Вопрос, общий для гуманитарных наук. Я немного карикатурно представлю определенную позицию, ссылаясь на Симона Кордонского. Отечественный научный и философский язык практически полностью заимствован – и заимствован хаотически, добавлю от себя. Языки, созданные для решения задач в других контекстах, почти автоматически будут в чем-то неадекватны нашей ситуации. А их разнообразие затрудняет общение между разными «импортерами». Естественно, что эти языки что-то помогают увидеть, но чужой костюм всегда плохо сидит. Насколько вам это кажется серьезной проблемой? Кордонский предлагает изучать реальность и «называть все своими именами», он вводит сословия, гаражную экономику, отходников и так далее. Есть ли тут для вас проблема, которую стоит решать?

Здесь два вопроса: отношение к позиции Кордонского – это один. Проблема своего научного языка вместо заемного – другой. С одной стороны, понятно, в чем сила подхода Кордонского. Он очень много всякого знает и видел, он говорит: не дадим себя провести. Есть книжные черви, которые жизни не знают, а есть человек, который знает жизнь и говорит, что надо называть все своими именами. Но дело в том, что у вещей, вообще говоря, нет своих имен. Они и вещами-то часто становятся благодаря исследовательской оптике. Что производит сильный эффект? Есть управленческая оптика, скажем, государственная статистика, реестры и прочее, что стоит за разными распоряжениями, а также, заметим, часто некритически принимается за чистую монету и многими другими, будь то социологи или журналисты. Предполагается, что этим словам и перечням нечто соответствует в самой реальности. Кордонский говорит: нет, часто совсем не соответствует, мы пришли и увидели, что не только нет конторы «Рога и копыта» по указанному адресу, но нет и улицы, и самого города нет, зато есть «Копыта и рога» в населенном пункте, который нигде не учтен, потому что там кладбище, совмещенное с аэродромом, и люди как-то вертятся, а никто их не видит. Это я тоже говорю, конечно, утрированно и очень приблизительно, у него все сложнее и интереснее. Но меня, при всем восхищении такими описаниями, за которыми видна огромная и – в принципе, а не просто по отдельным фактам – мало кому известная сторона социальной жизни, многое не устраивает.

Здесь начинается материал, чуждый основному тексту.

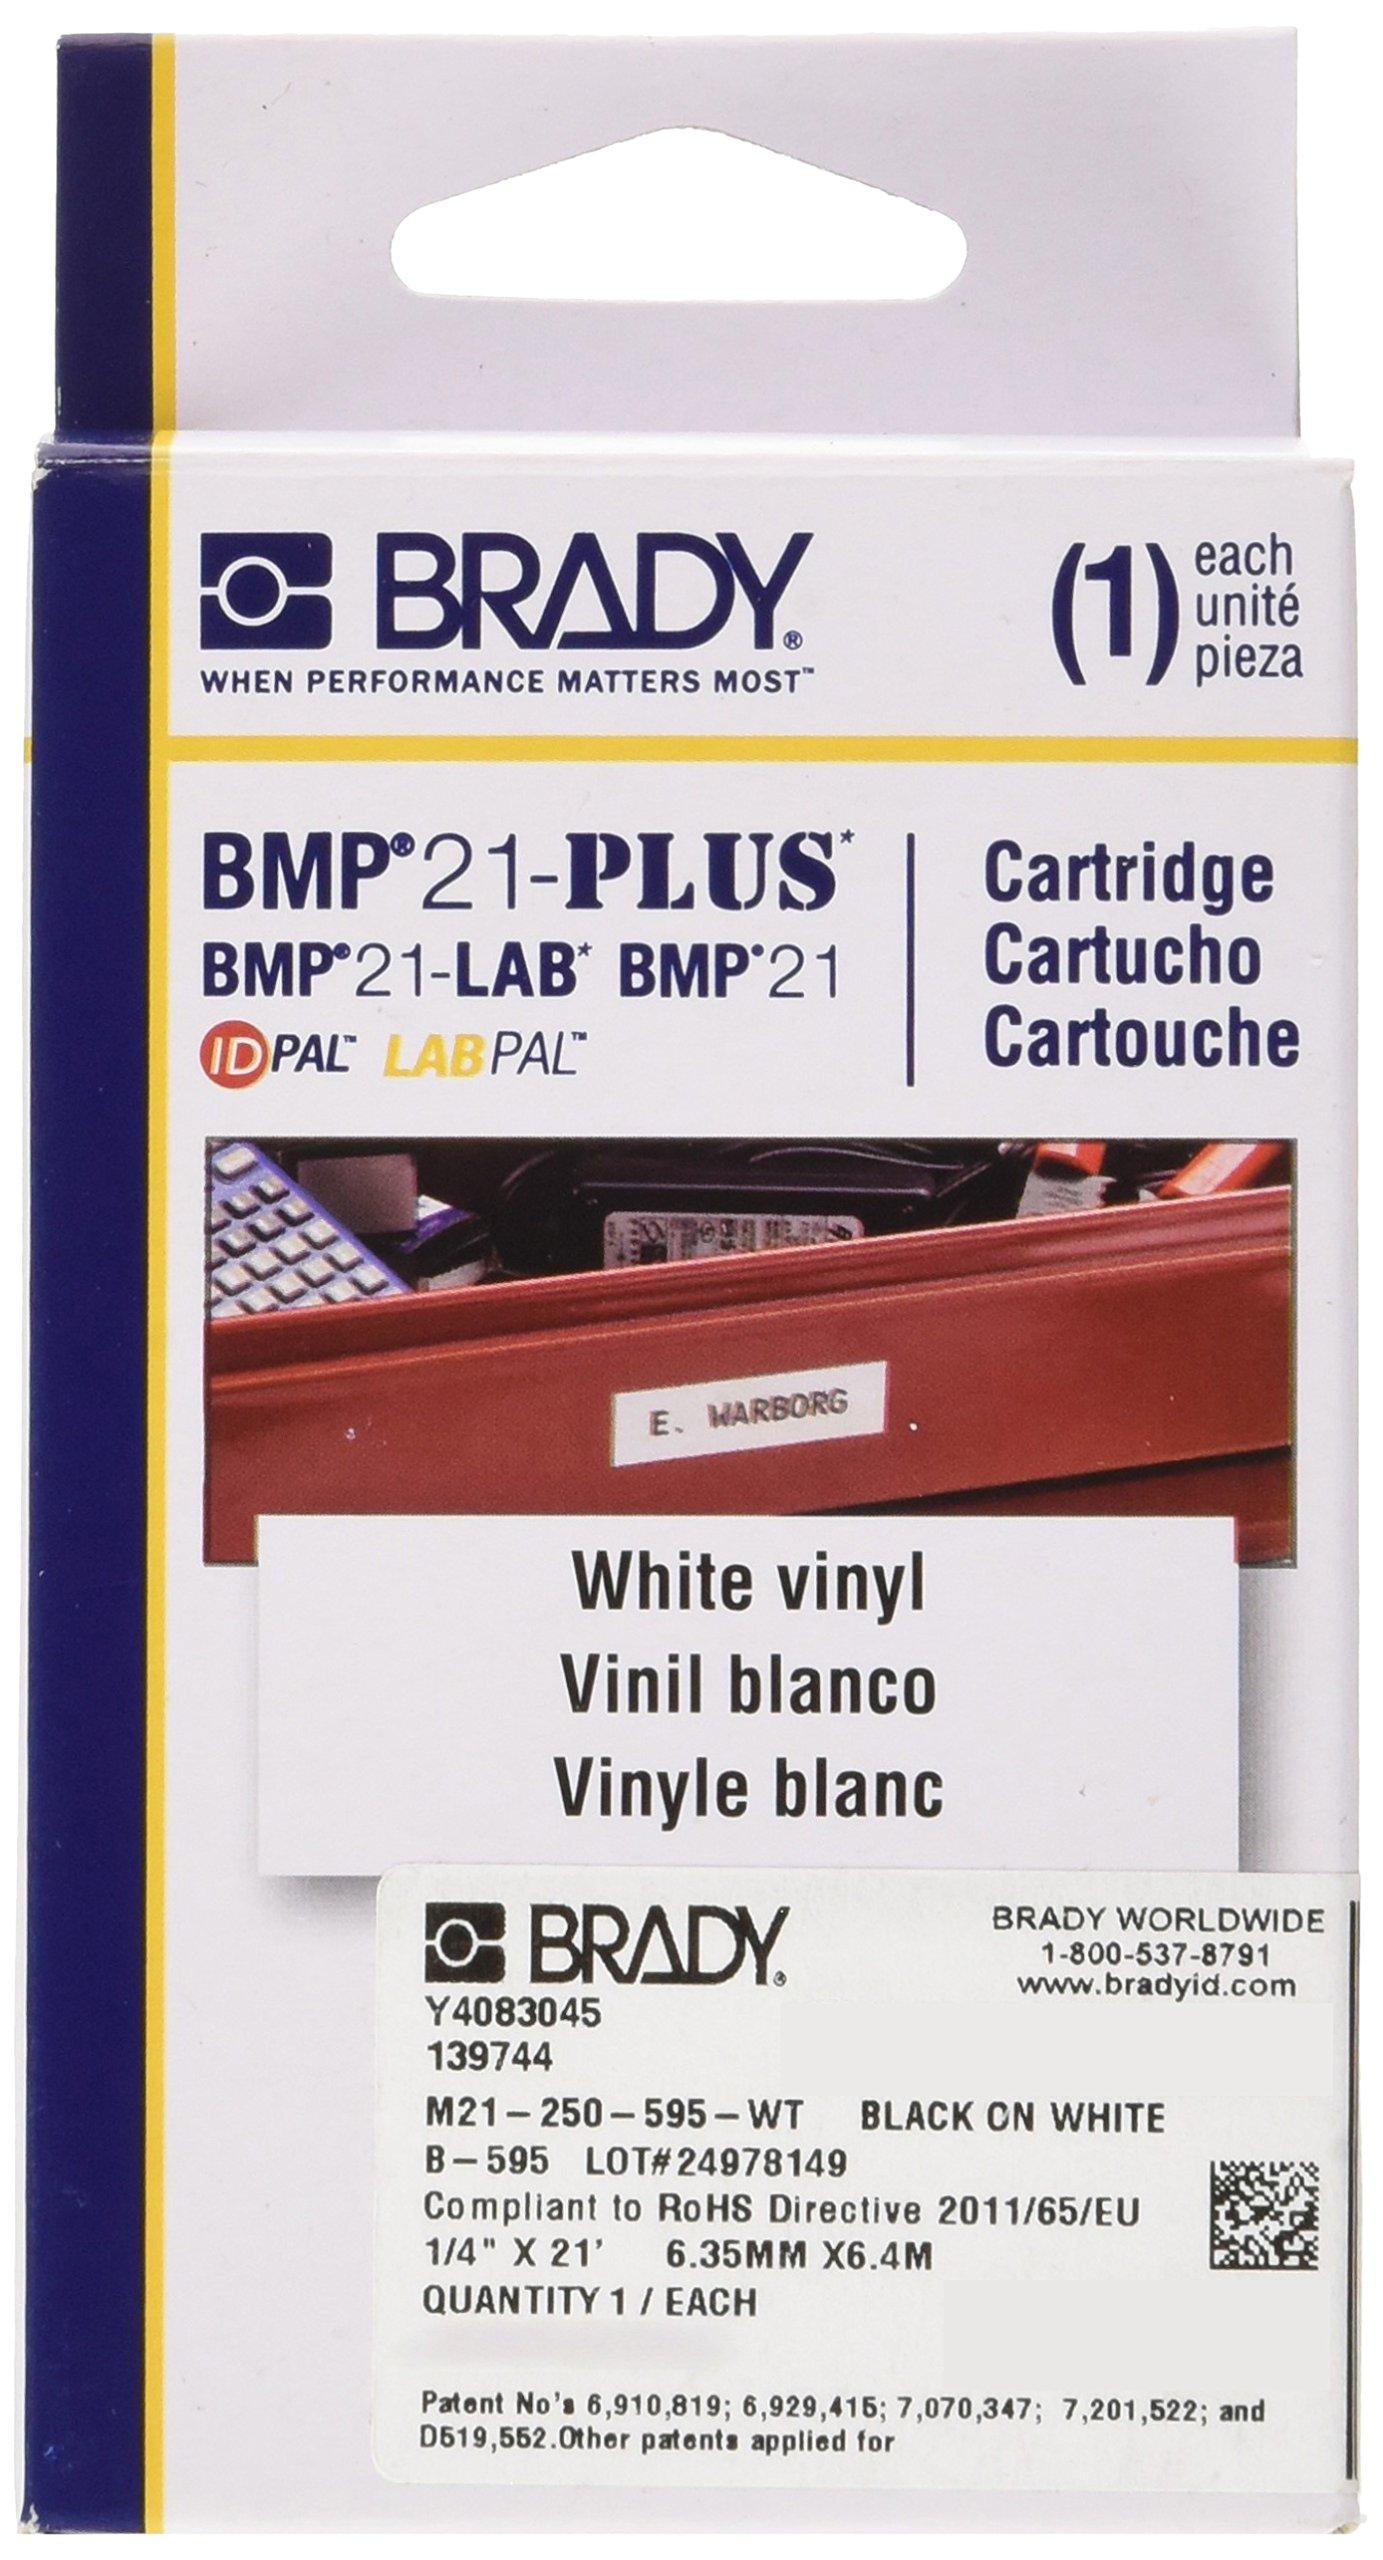 Brady M21-250-595-WT Cartridge, B595 Vinyl Indoor/Outdoor Material, 0.25'' W x 21' L, Black on White

И дело даже не в том, что многие «имена» в его описаниях получены из применения старых к новой реальности, будь то «промысел» или «сословия». Есть и собственные изобретения, например, «административный рынок». Кордонский комбинирует известные понятия, получает нечто новое и говорит: «Я показываю вам на то, что есть в реальности». Лаплас говорил: «Если вы посмотрите в это место, вы увидите, что там в определенное время будет планета». А Кордонский говорит: «Если вы посмотрите сюда, вы увидите, что там “сословия”». (Была, кстати, еще в конце 70-х годов прошлого века книга немецкого социолога Вольфганга Теккенберга о Советском Союзе как сословном обществе, хотя, конечно, настоящей полнотой данных он не располагал.) Однако социология занимается часто тем, что нельзя вообще увидеть. Увидеть смысл социального действия нельзя, увидеть так называемые обыденные типизации нельзя, да и, кстати, увидеть, что посредством сетей составляются новые, пульсирующие и подвижные идентичности, не связанные ни с местоположением, ни со столь одномерно понимаемыми ресурсами, – тоже нельзя.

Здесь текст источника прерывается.